Der Beklagte zu 1) hat darüber hinaus auch keinen Schadensersatzanspruch bezüglich
der Kosten für das Gutachten des TÜV. Insbesondere bestand kein Anspruch aus § 538
BGB a.F. wegen Verzugs des Klägers mit der Mängelbeseitigung. Die Beklagten haben
jedenfalls nicht substantiiert vorgetragen, dass und inwieweit sie den Kläger vor
Auftragserteilung bezüglich des Guthabens wegen der Mängelbeseitigung in Verzug
gesetzt hätten. Insoweit wurde bereits darauf hingewiesen, dass die Beklagten selbst
nicht behaupten, der Kläger habe sich bereits vor Ausspruch der fristlosen Kündigung auf
§ 23 Ziff. 7 des Mietvertrages berufen. Ein Schadensersatzanspruch wäre auch nur in
Betracht gekommen, wenn das Gutachten eingeholt worden wäre, um die akute
Gesundheitsgefährdung durch Schimmelpilzsporen und toxische Stoffe festzustellen;
gerade dies hat das Gutachten (bautechnisches Gutachten) – wie bereits ausgeführt –
nicht ergeben. Zur Feststellung der reinen Feuchtigkeitsschäden bedurfte es im Übrigen
keines Gutachtens. Ein Anspruch aus Geschäftsführung ohne Auftrag nach den §§ 677,
678, 679, 670 BGB scheitert daran, dass die Einholung des Gutachtens nicht dem Willen
des Klägers entsprach; der Beklagte erfüllte damit auch keine Verpflichtung des Klägers,
deren Erfüllung im öffentlichen Interesse gelegen hätte. Dies wäre allenfalls in Betracht
gekommen, wenn deutliche Anzeichen für eine konkrete Gesundheitsgefährdung
bestanden, woran es, wie dargelegt, fehlt.

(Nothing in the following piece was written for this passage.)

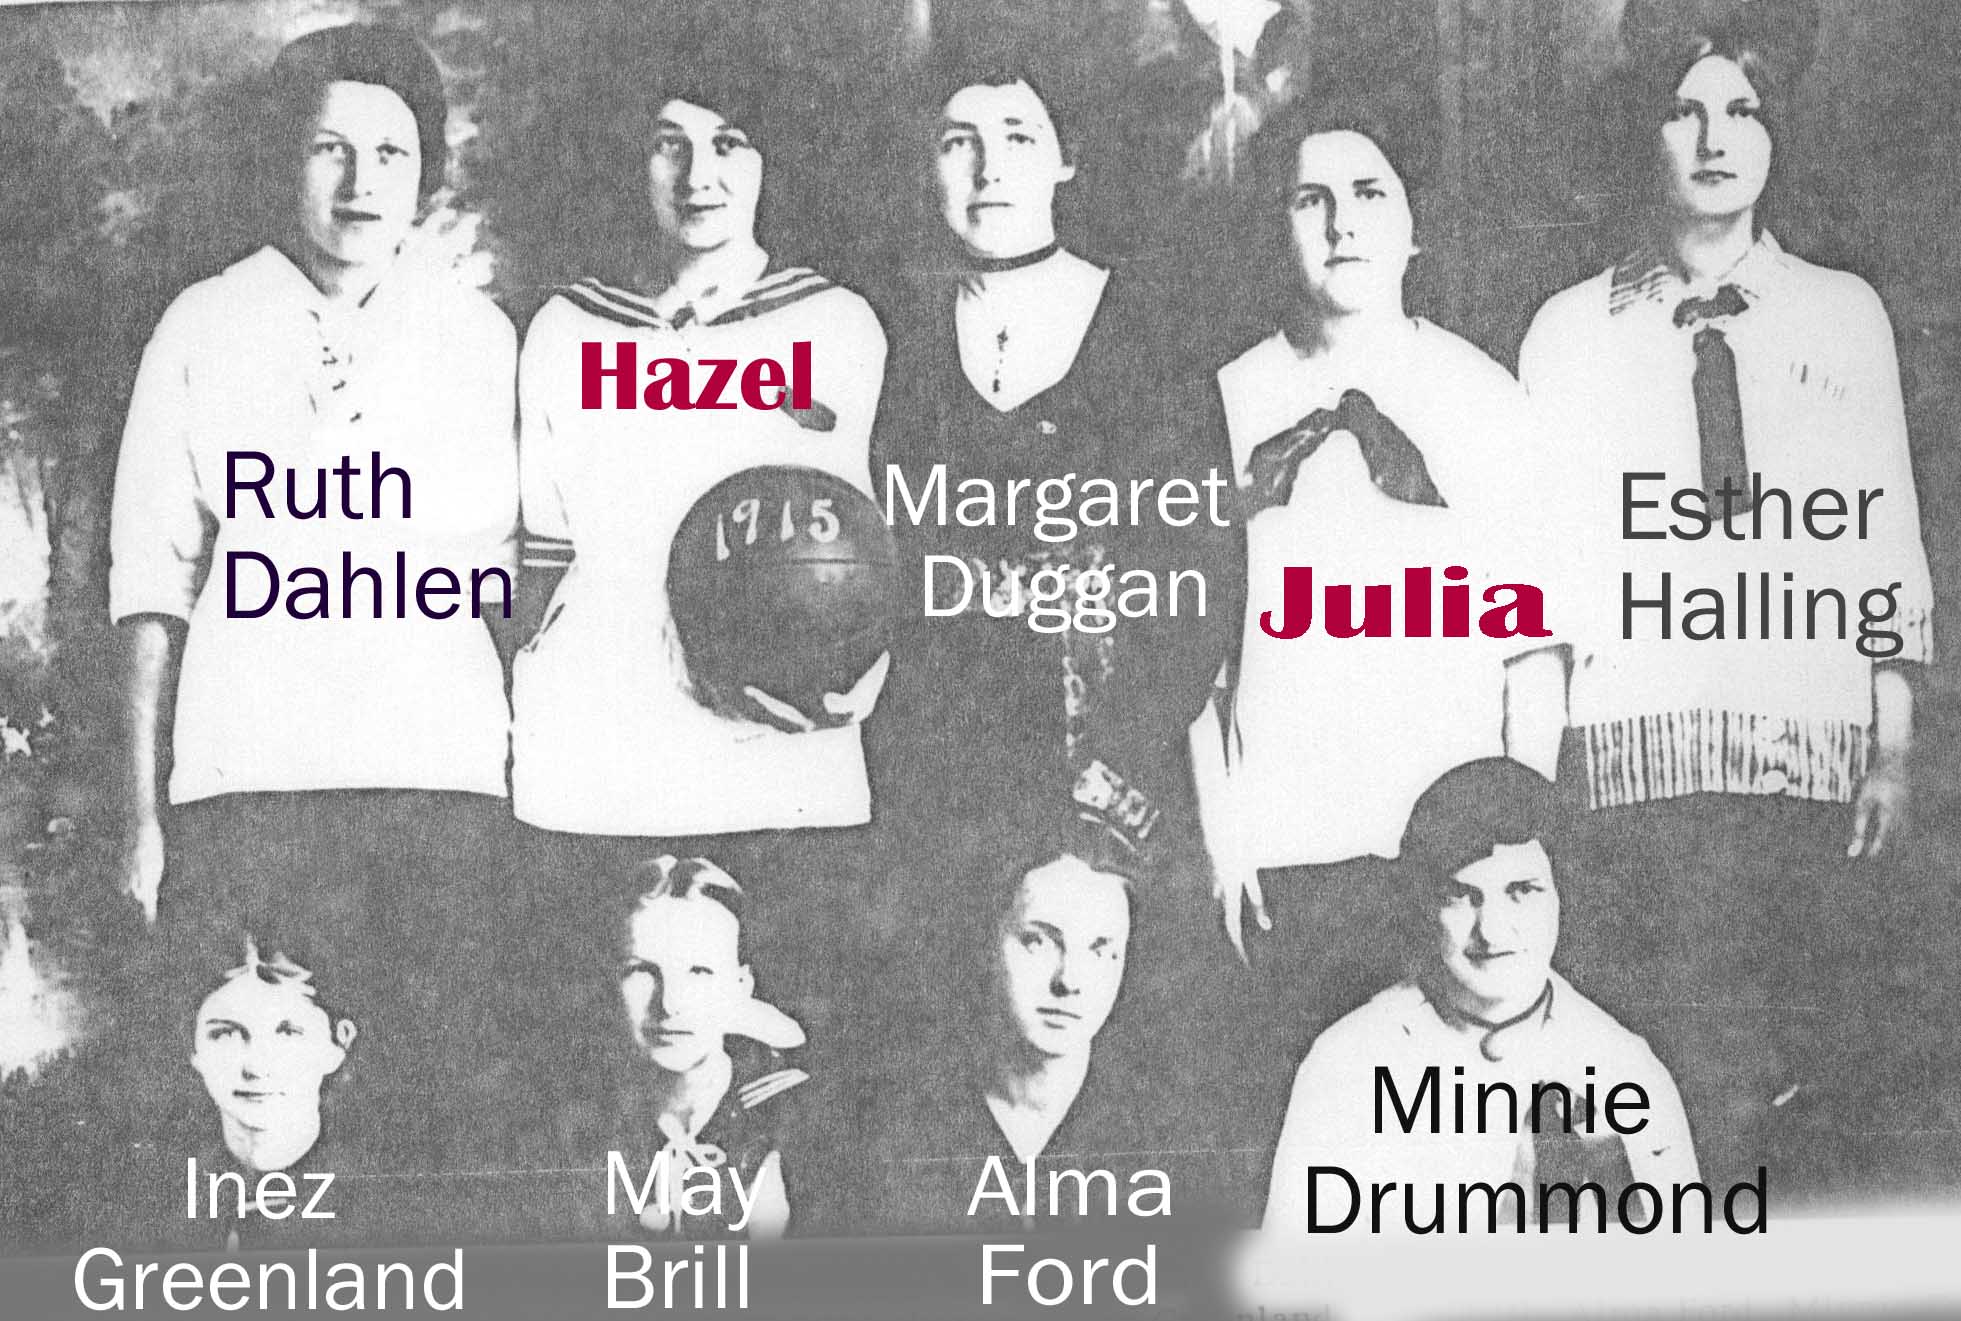 The 1915 Binford Women's Basketball Team: Ruth Dahlen, Hazel Maurer (Alm),  Margaret Duggan, Julia Alm, Esther Halling, Inez Greenland, May Brill, Alma Ford, and Minnie Drummond

Hiernach scheitert auch die im Hinblick auf die Aufrechnung mit Gegenansprüchen
erhobene, auf Zahlung gerichtete Widerklage der Beklagten.
Die Kostenentscheidung beruht auf § 97 ZPO. Die Entscheidung hinsichtlich der
vorläufigen Vollstreckbarkeit ergibt sich aus § 708 Nr. 10 ZPO und § 711 ZPO. Die
Revision war nicht zuzulassen, da Gründe für eine Zulassung der Revision im Sinne von §
543 Abs. 2 ZPO nicht ersichtlich sind.